Without considering any optimization, in the simple B-tree above, we need to do 4 random disk I-O to find all the data rows that meet the criteria:

Loading the page where the root node is located, it is found that the first element of the root node is 6, which is greater than 4

Load the page where the left child node is located through the pointer of the root node, traverse the data in the page, and find 5

Reload the page where the root node is located and find that the root node does not contain the second element

Load the page where the right child node is located through the pointer of the root node, and traverse the data in the page to find 7 and 8

Of course, we can optimize the above process in a variety of ways, but B-tree can optimize B + tree basically, so we don't need to consider the benefits of optimizing B-tree. Let's just see what kind of optimized B + tree can do, but B-tree can't.

Because all nodes may contain target data, we always have to traverse the subtree from the root node to find the data rows that meet the conditions. This feature brings a large number of random I-map O, which is also the biggest performance problem of B-tree.
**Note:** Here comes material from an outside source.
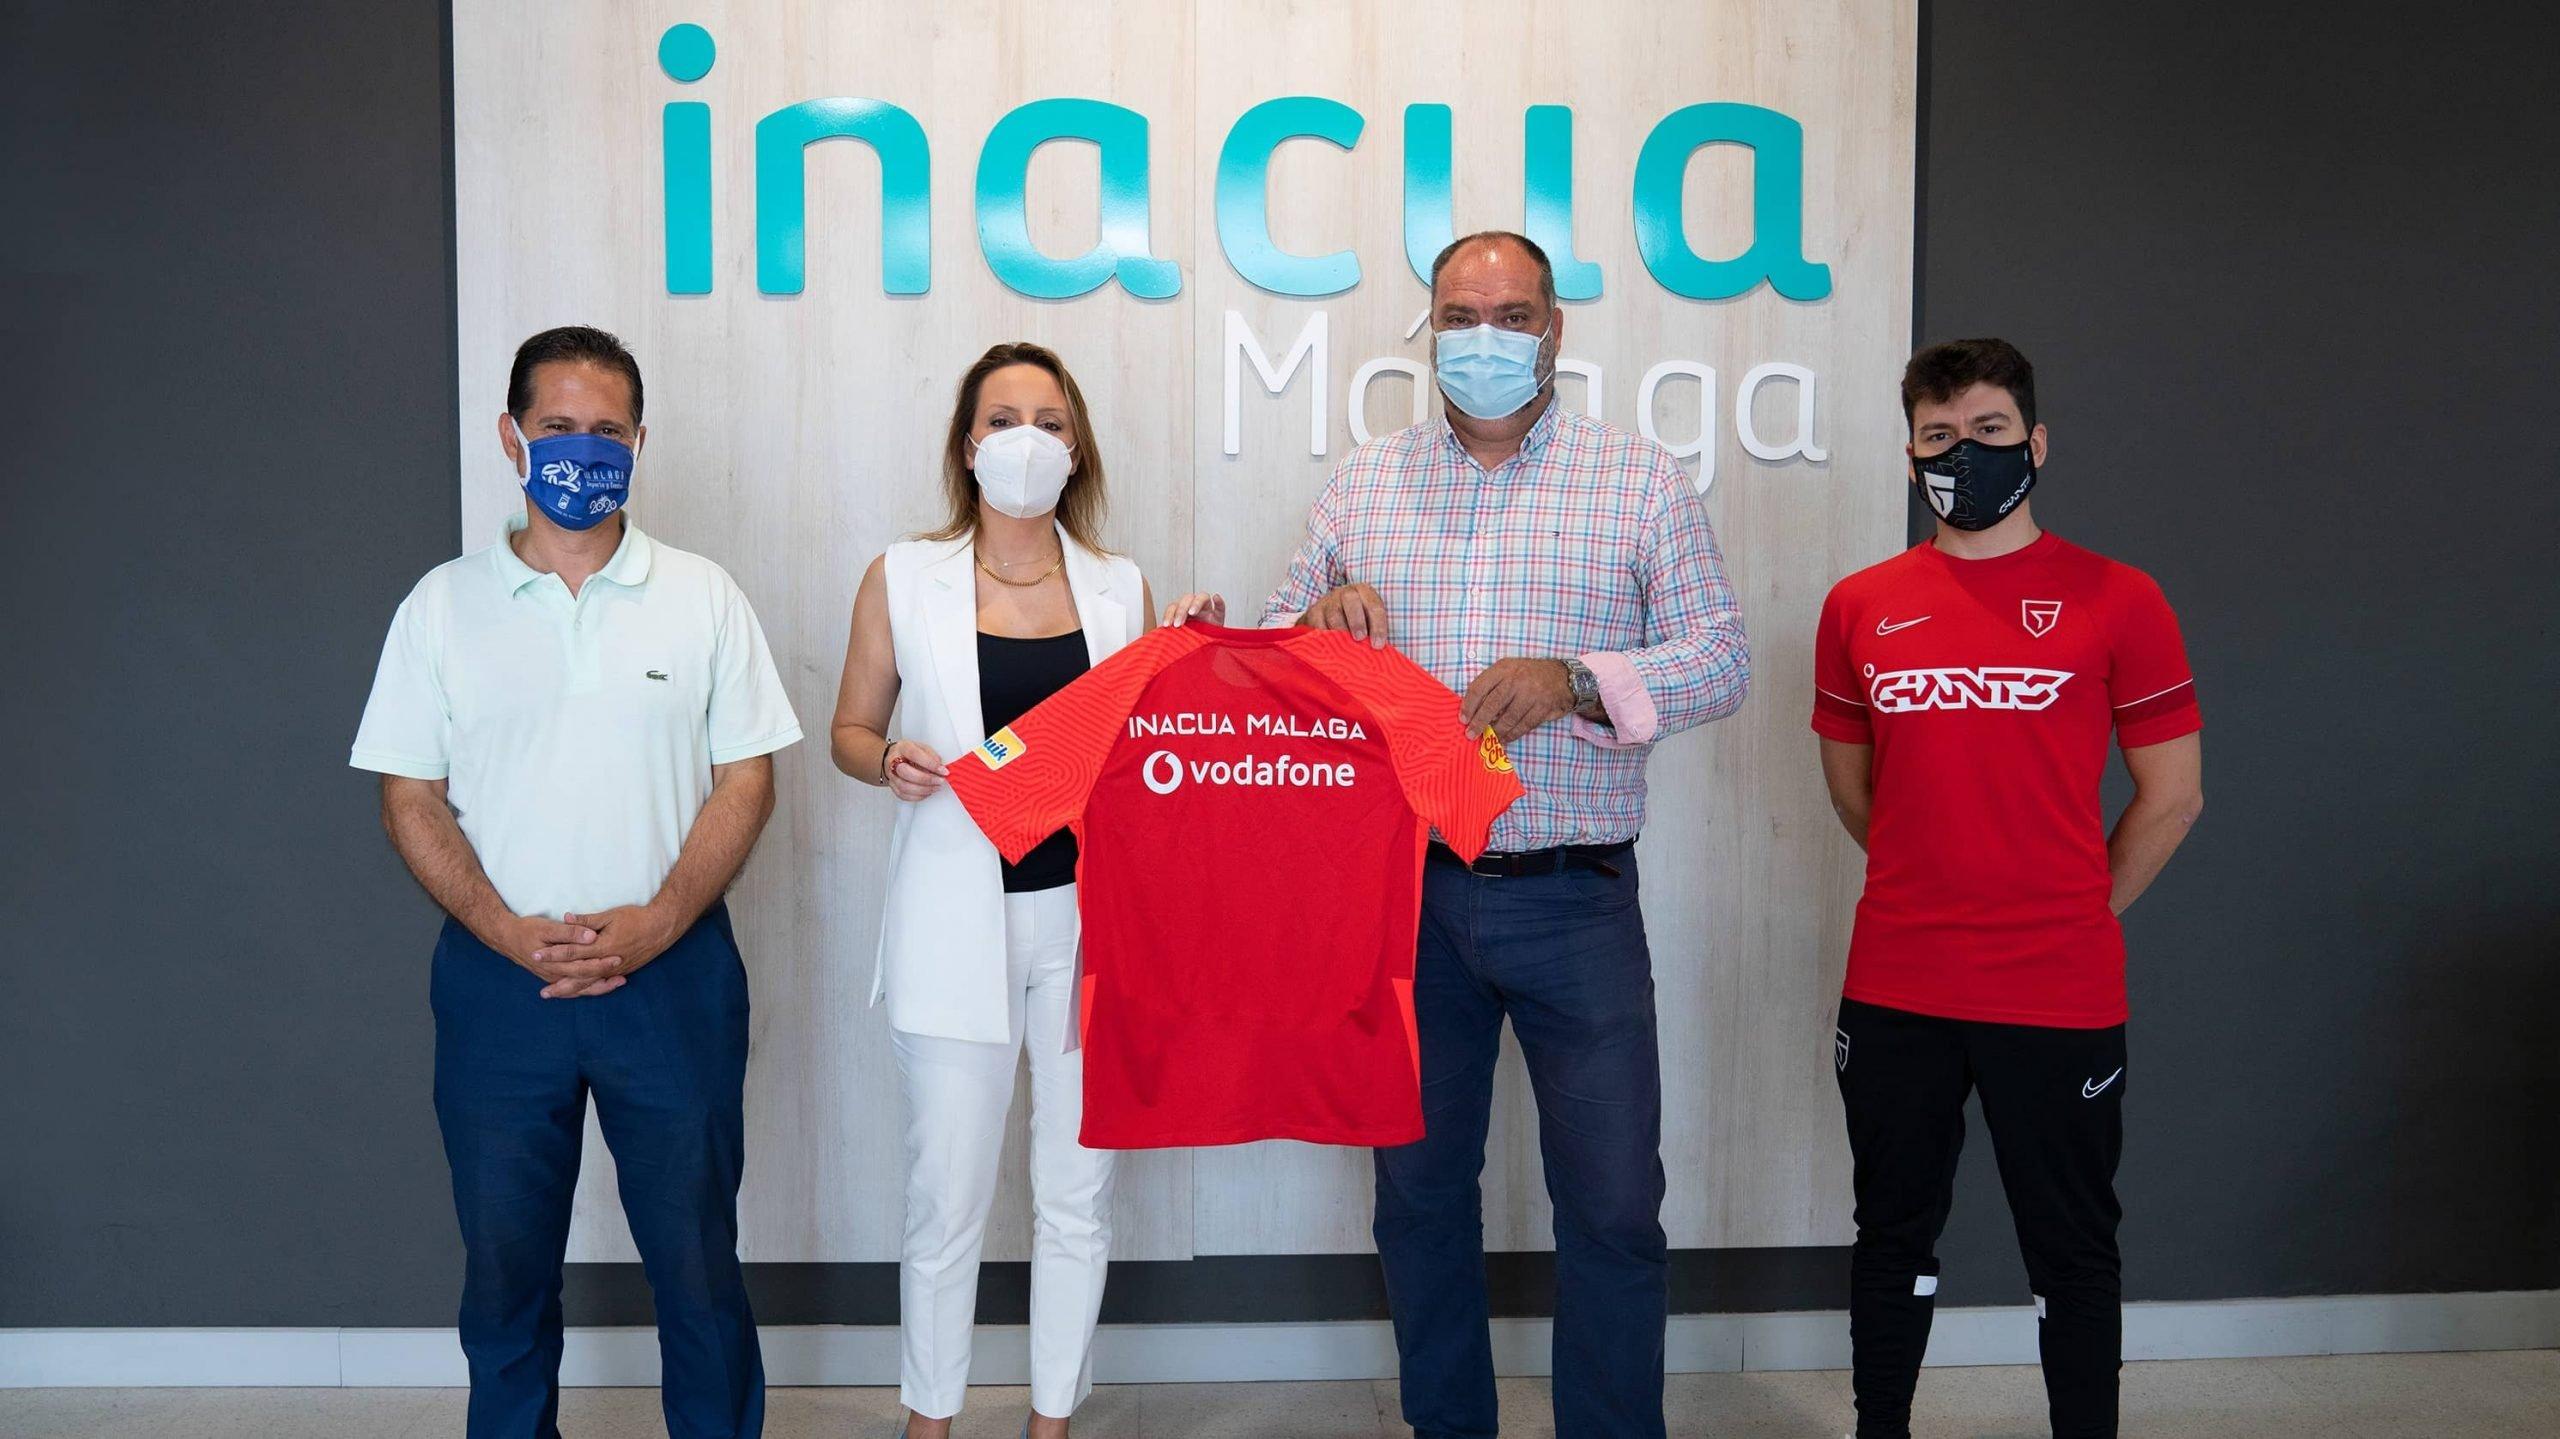 Vodafone Giants Inacua
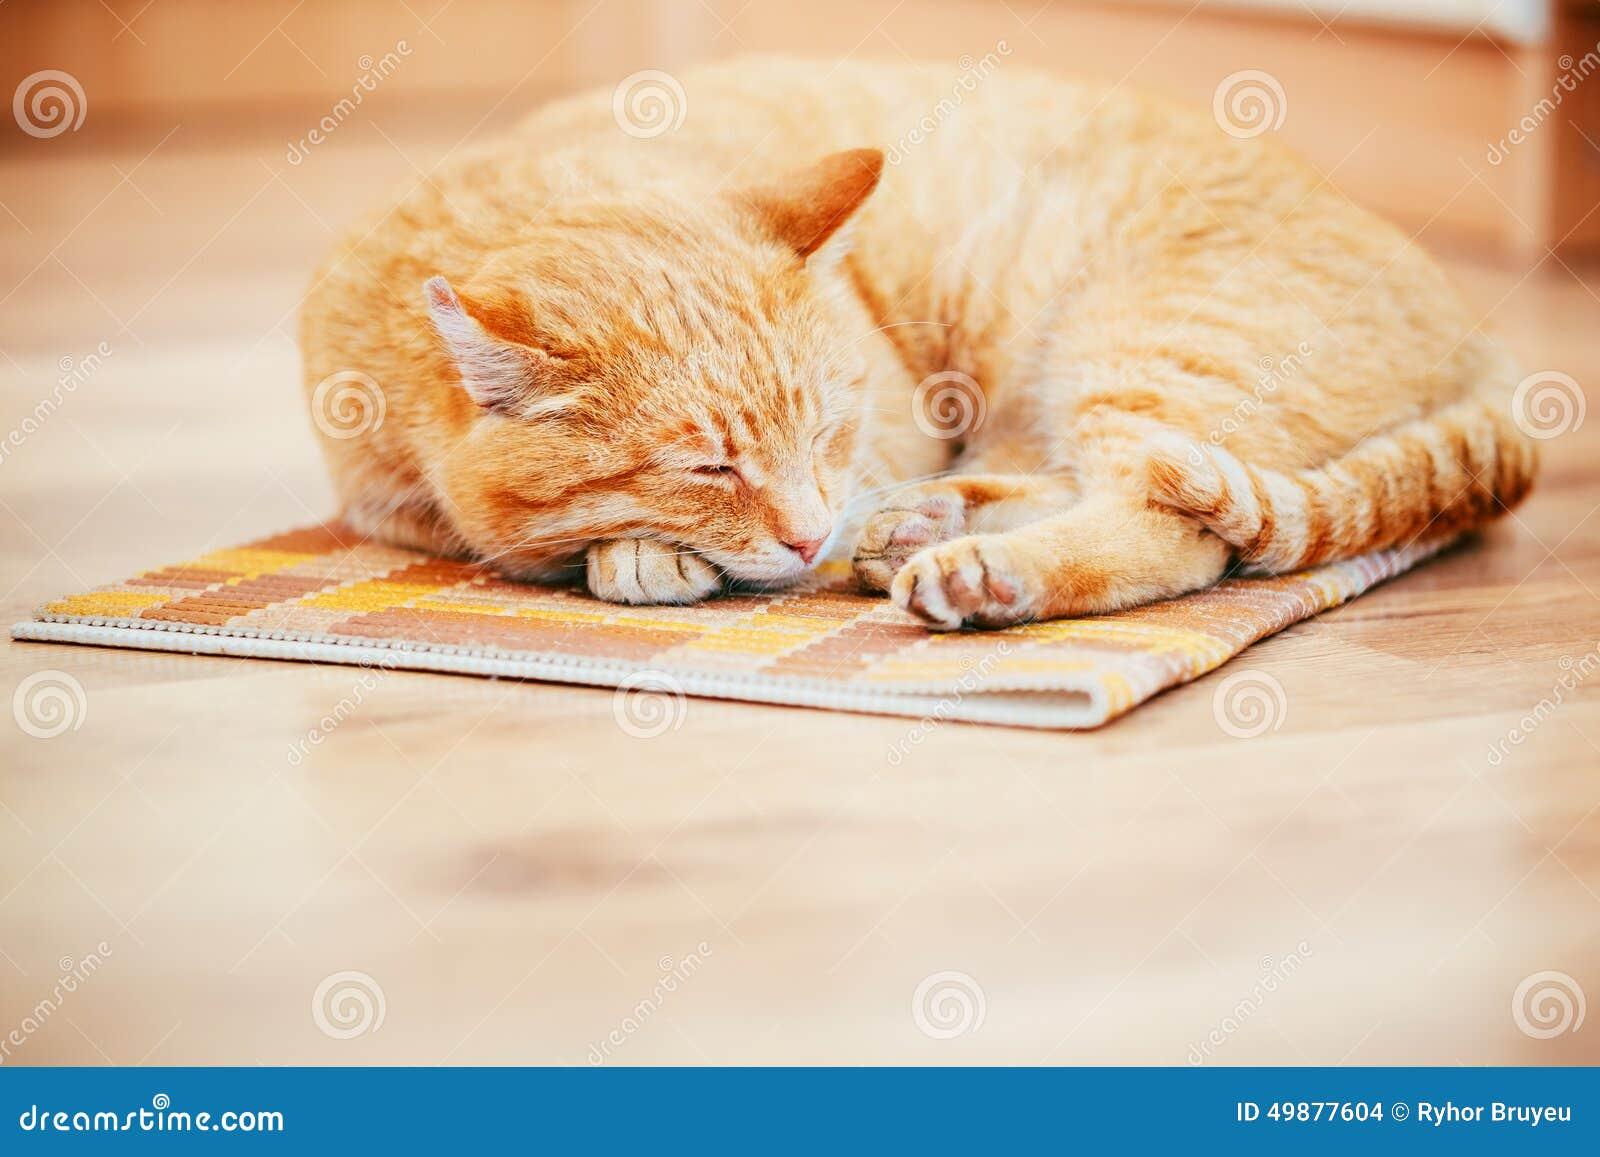 Peaceful Orange Red Tabby Cat Male Kitten Sleeping

This problem does not exist in the B+ tree, because all the data rows are stored in the leaf nodes, and these leaf nodes can be connected sequentially through the "pointer". When we traverse the data in the B+ tree shown below, we can jump directly between multiple child nodes, which can save a lot of disk Ihand O time, and there is no need to splice and sort the data between nodes at different levels. Through the leftmost leaf node of a B+ tree, we can traverse all the data in the whole tree like a linked list, or we can introduce a two-way linked list to ensure the performance of reverse traversal.

Some readers may think that using the data structure of B+ tree will increase the height of the tree and increase the overall time-consuming. However, a B+ tree with a height of 3 can store tens of millions of levels of data. In practice, the height of B+ tree is only 4 or 5 at most, so this is not a fundamental problem affecting performance.

On how to use the B+ tree in MySQL to share here, I hope the above content can be of some help to you, can learn more knowledge. If you think the article is good, you can share it for more people to see.

Welcome to subscribe "Shulou Technology Information " to get latest news, interesting things and hot topics in the IT industry, and controls the hottest and latest Internet news, technology news and IT industry trends.

*The comments in the above article only represent the author's personal views and do not represent the views and positions of this website. If you have more insights, please feel free to contribute and share.